Task description>
Going through the material below, output exactly the lines from the one containing "le Marquis de Calon Segur Saint-Estephe 2017" through the one containing "Download Spongebob Vector", and no pictures.

Data shown>

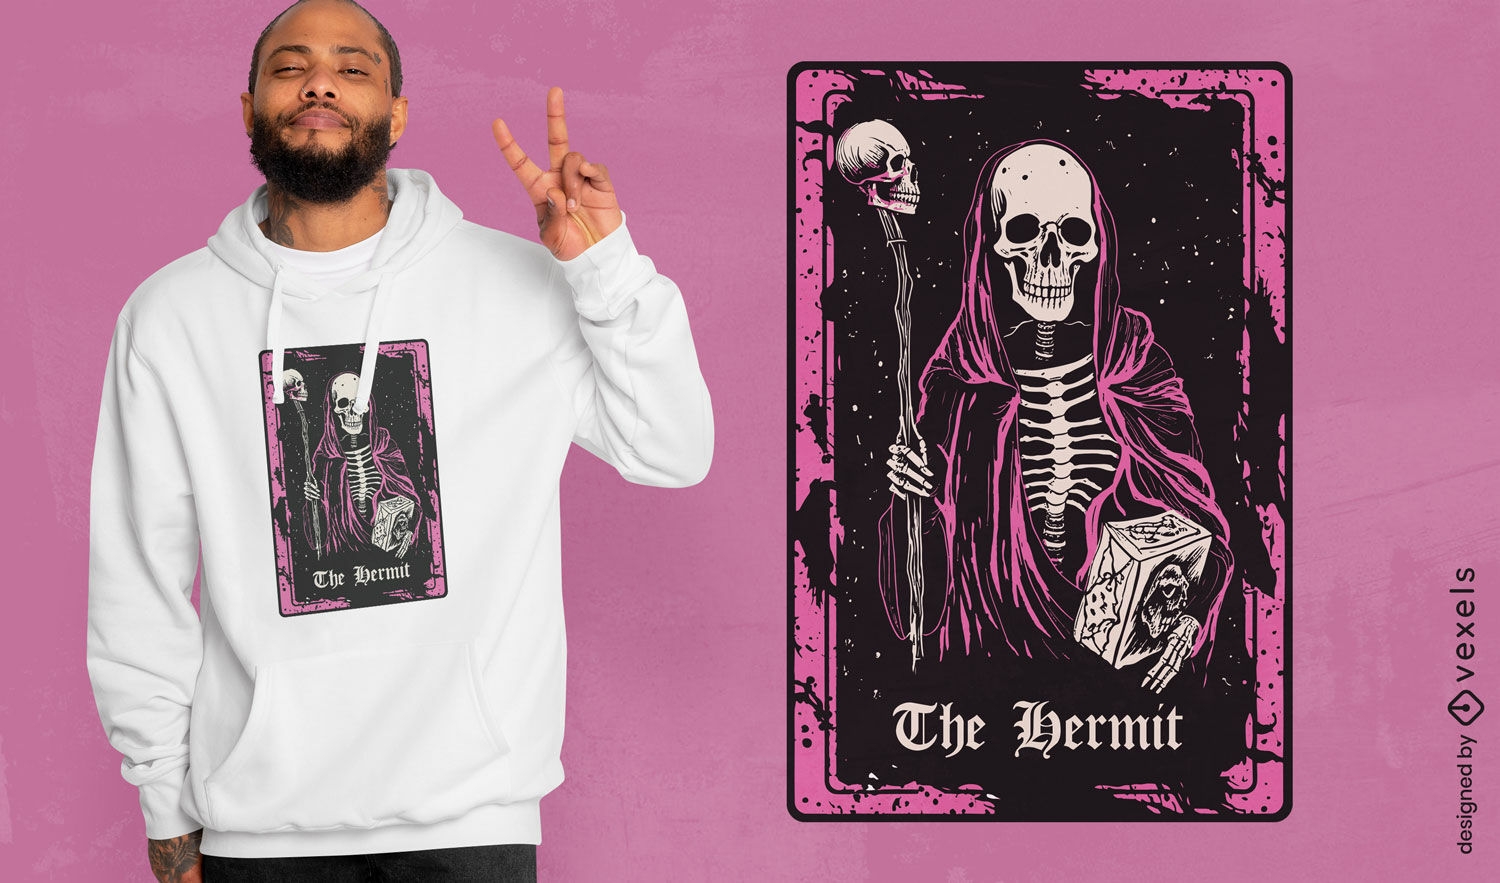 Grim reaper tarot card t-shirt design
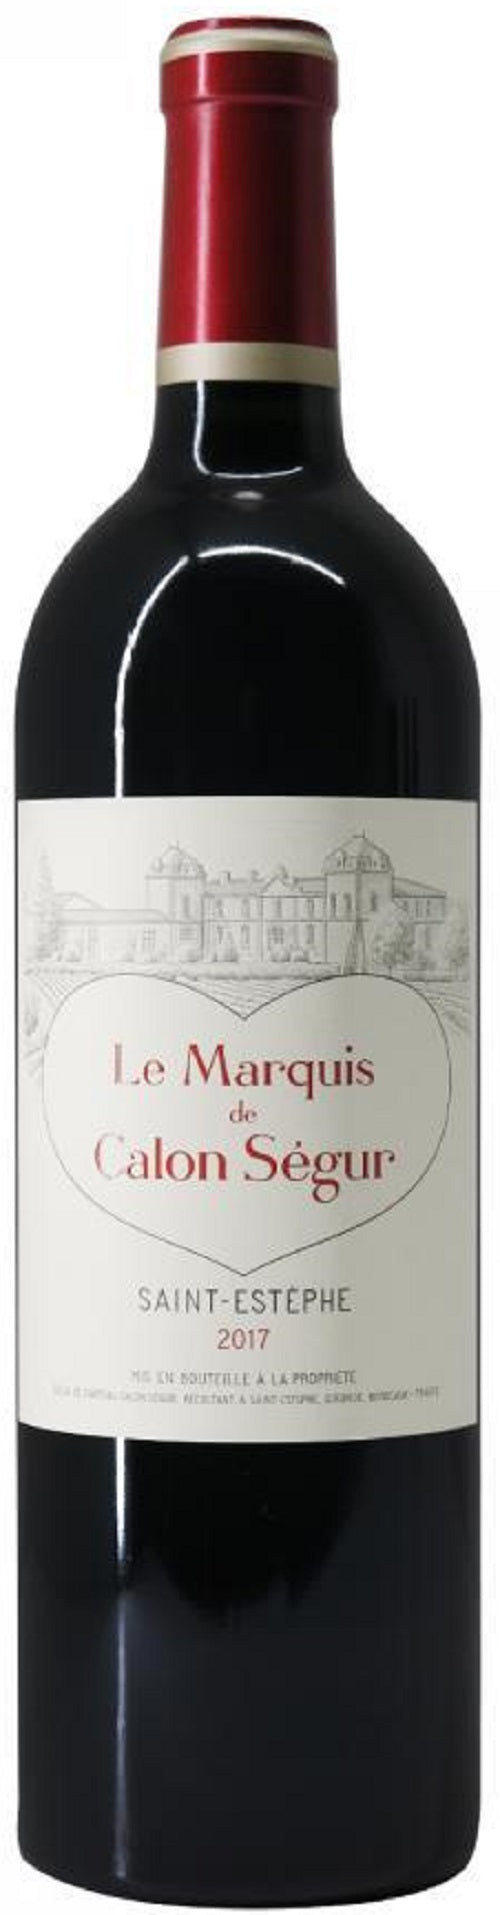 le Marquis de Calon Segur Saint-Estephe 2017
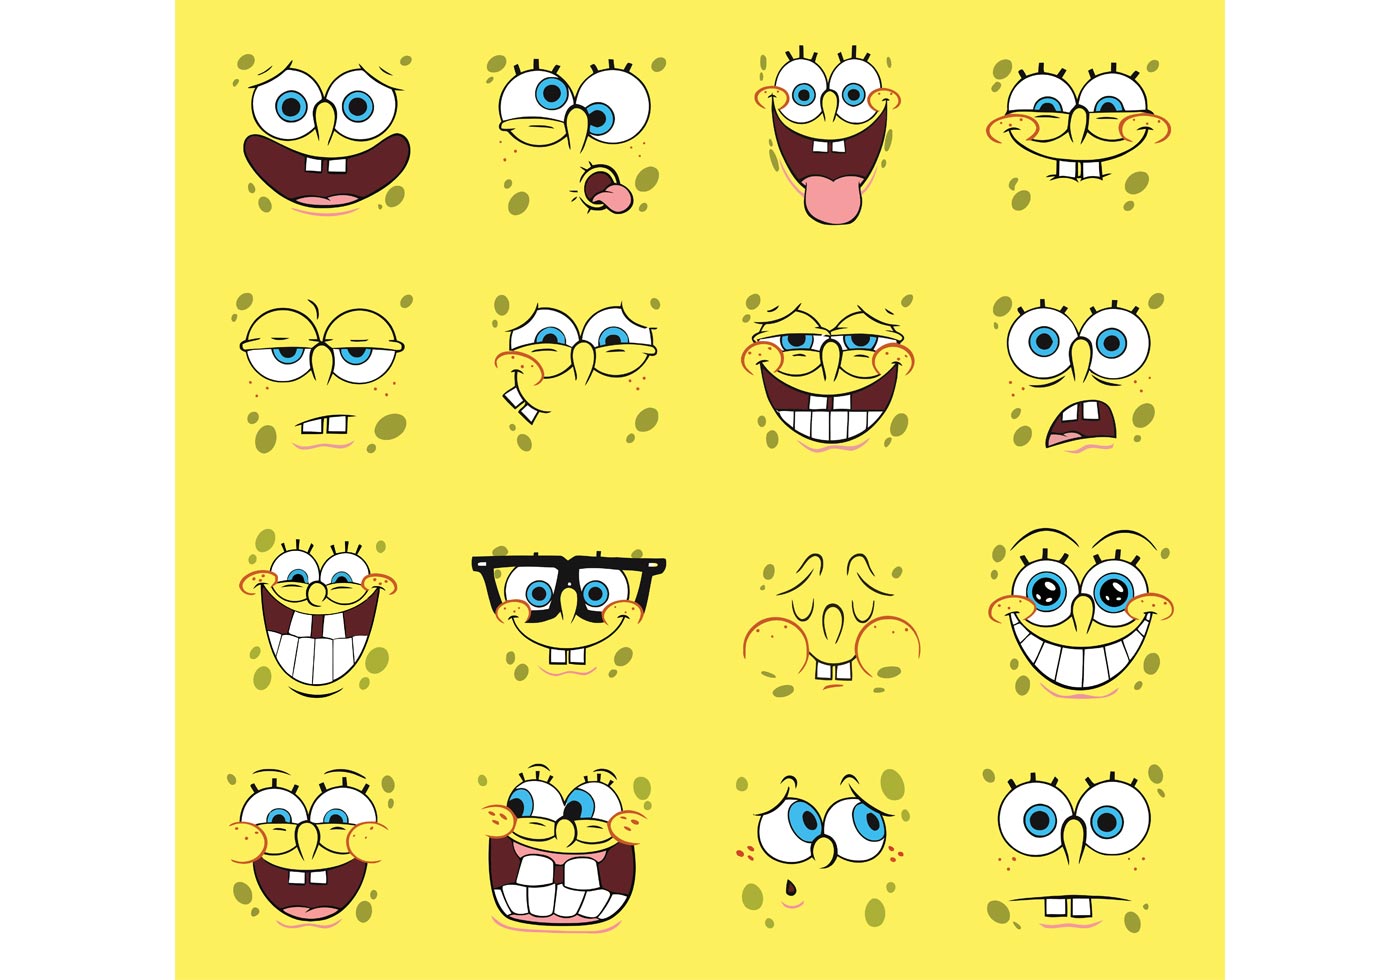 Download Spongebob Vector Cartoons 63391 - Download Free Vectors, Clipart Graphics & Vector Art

--

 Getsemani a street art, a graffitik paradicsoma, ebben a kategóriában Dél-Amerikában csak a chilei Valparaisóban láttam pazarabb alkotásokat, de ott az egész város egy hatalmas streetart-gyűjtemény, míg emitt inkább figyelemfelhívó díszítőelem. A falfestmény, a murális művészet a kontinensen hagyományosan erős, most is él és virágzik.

Task output>
 le Marquis de Calon Segur Saint-Estephe 2017
 Download Spongebob Vector Cartoons 63391 - Download Free Vectors, Clipart Graphics & Vector Art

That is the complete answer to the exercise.